Jak zareagowałeś gdy zespół powiedział ci, że potrzebujesz osiągnąć przewagę 23 sekund w ciągu mniej niż dziesięciu okrążeń, by zachować prowadzenie przed Felipe Massą?

- Pamiętam trzask przełącznika w moim radiu i głos "Czy chcesz zasuwać na ostro?" I wtedy zdecydowałem, że postawię wszystko na jedną kartę i skoncentruję się na tych okrążeniach. Miałem sporo szczęścia, ponieważ nie miałem nikogo przed sobą i mogłem nacisnąć na gaz. Wiedziałem, że to będzie długi strzał – faktycznie, myślałem, że to prawie niemożliwe, ale zbyt długo się nad tym nie zastanawiałem, tylko wziąłem się za robotę. Prowadzenie samochodu wyścigowego w takich sytuacjach, to naprawdę jedne z najlepszych chwil jakie można mieć będąc kierowcą wyścigowym – nie myślisz nic o wyścigu, tylko skupiasz się na sobie samym i bolidzie, koncentrujesz się nad optymalnym momentem hamowania i kiedy znów można nacisnąć na gaz. Zapomnieć się w rytmie tego wszystkiego – kocham to.

Po ostatnim pit stopie, znalazłeś się za Massą. Czy przygotowywałeś się do konfrontacji z nim?

- Wiedziałem, że strata do Massy nie była zbyt duża i wiedziałem, że nasz bolid ma szybkość, by go wziąć, tak więc miałem poczucie, że będę mógł go przejść. Zbliżyłem się do niego podczas sektora na stadionie, na zakręcie nr 1 byłem już "na dobrym holu", a na zakręcie nr 2 zaraz za nim. Na dojściu do Agrafki usiadłem mu na ogonie i mogłem go przejść korzystając z podciśnienia za jego bolidem – ale on także był dość szybki, więc skończyło się na opóźnionym hamowaniu. To była akcja jak z elementarza – ale nie chciałbym być w F1, gdybym nie mógł wyprzedzać – i chociaż Felipe trochę walczył, to czułem, że go zdominowałem. Jestem tu, by się ścigać, przyszedłem do Formuły 1, bo chciałem być najszybszym kierowcą, chciałem wielkich manewrów wyprzedzania i chciałem się ścigać tak ostro, jak tylko mogę przez resztę mojej kariery. Dlatego tu jestem.

Potem musiałeś zrobić to znowu z Nelsonem Piquet – miałeś świadomość, że on prowadził?

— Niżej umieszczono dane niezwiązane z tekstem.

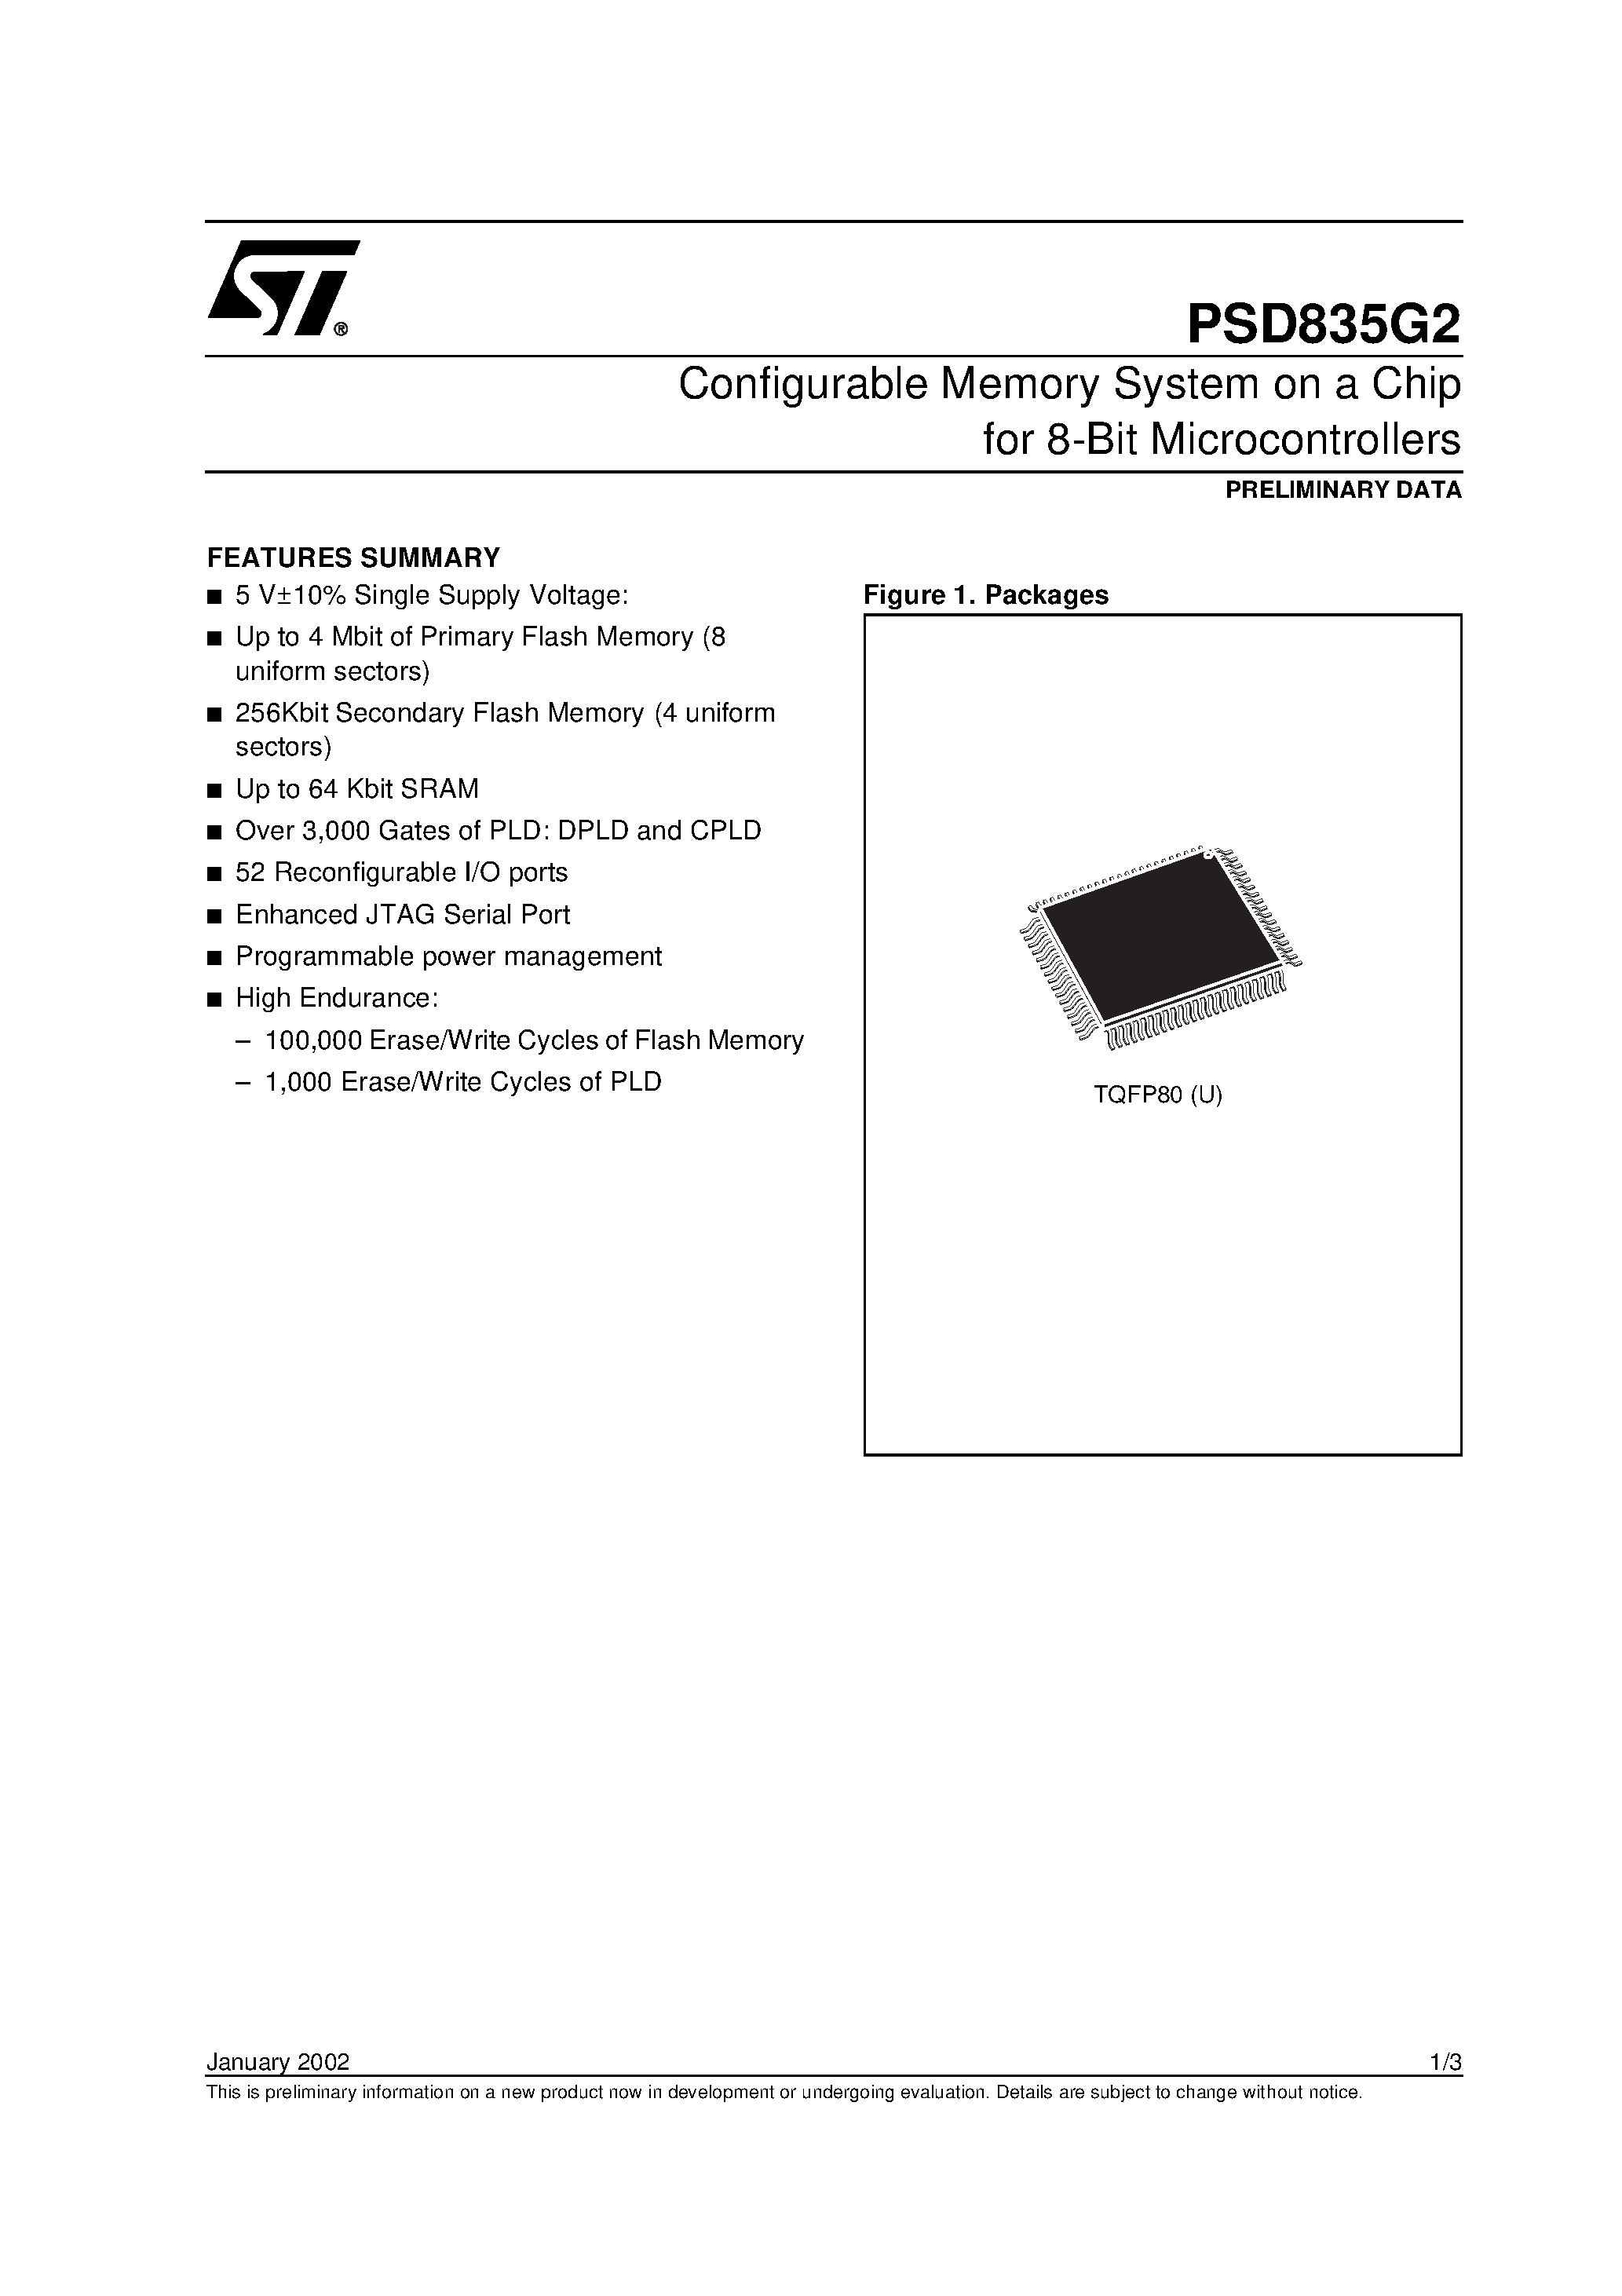 Datasheet PSD835F1V-A-70JI - Configurable Memory System on a Chip for 8-Bit Microcontrollers page 1
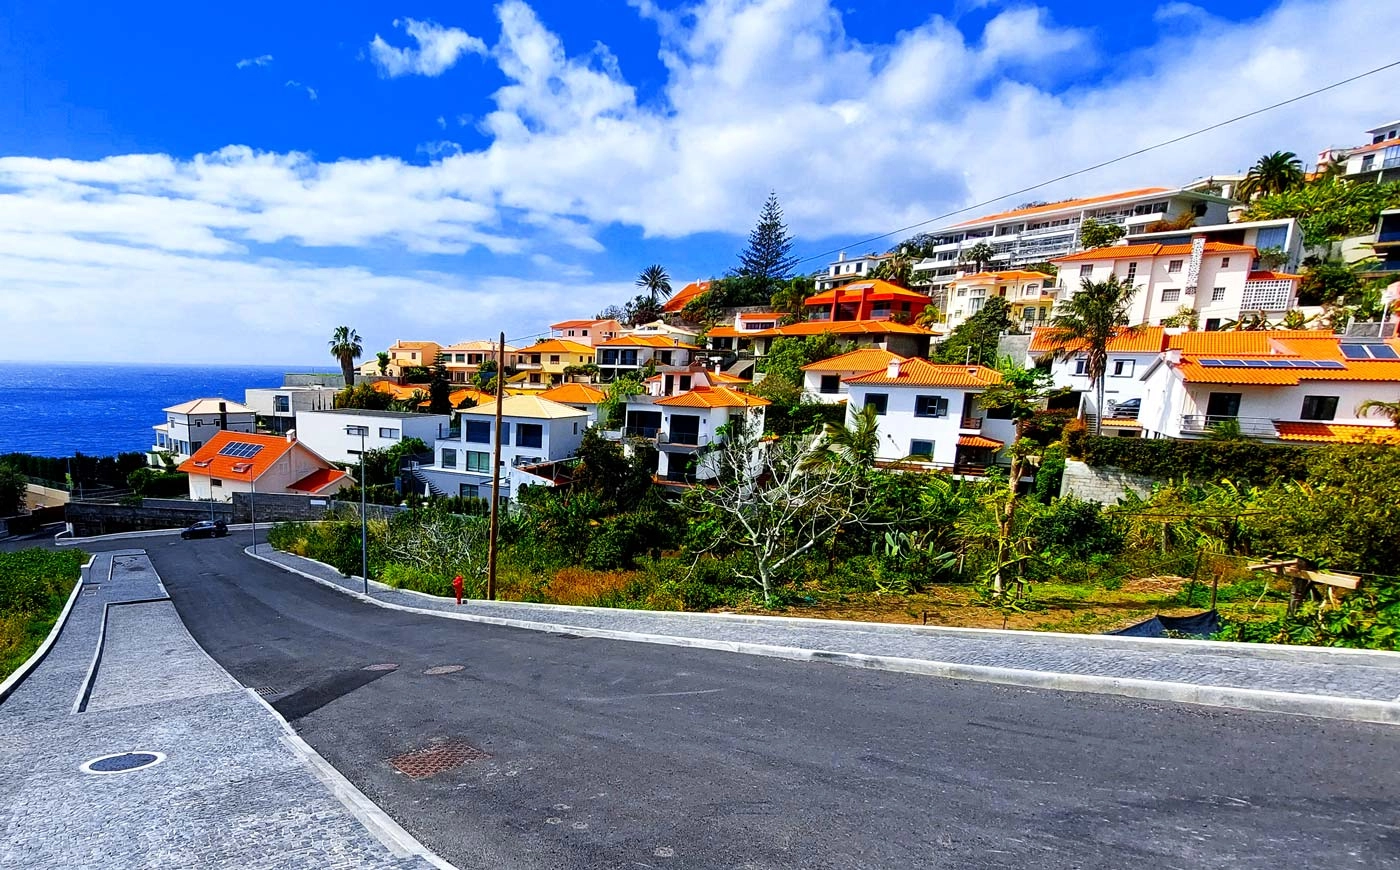 Average House Price In Madeira Now €460,000

- Nie, zupełnie nie! Prawdę mówiąc, z chwilą gdy wyprzedziłem Felipe myślałem, że tego popołudnia wykonałem swoją pracę. Ale wtedy zespół powiedział mi, że ciągle muszę przejść Nelsona. Dobrze było znowu ścigać się z kimś, kogo poznało się dość dobrze na torze w 2006 roku, gdy razem byliśmy w GP2. I dlatego że ścigałem się z nim wcześniej, wiedziałem jak jeździ i jak reaguje – tak jak w przypadku wszystkich kierowców, z którymi regularnie się ścigasz – byłem także w pełni świadomy, że po raz pierwszy prowadzi Grand Prix. Z tym wiąże się mnóstwo presji i wiedziałem, że Nelson będzie bardziej szukał dobrego rezultatu niż walki – tak więc mogłem wykonać kolejny czysty manewr by wrócić na prowadzenie.

W niedzielę na Hockenheim mogliśmy zrobić wszystko lepiej dla nas samych, ale ja jestem zadowolony z tego popołudnia – zawsze dobrze jest zaangażować się w walce - musimy czuć pewność że każdy w zespole mocno stara się udoskonalić bolid. Wygrałem na Hungaroringu w zeszłym roku i teraz nie mogę się doczekać by znów wsiąść do bolidu.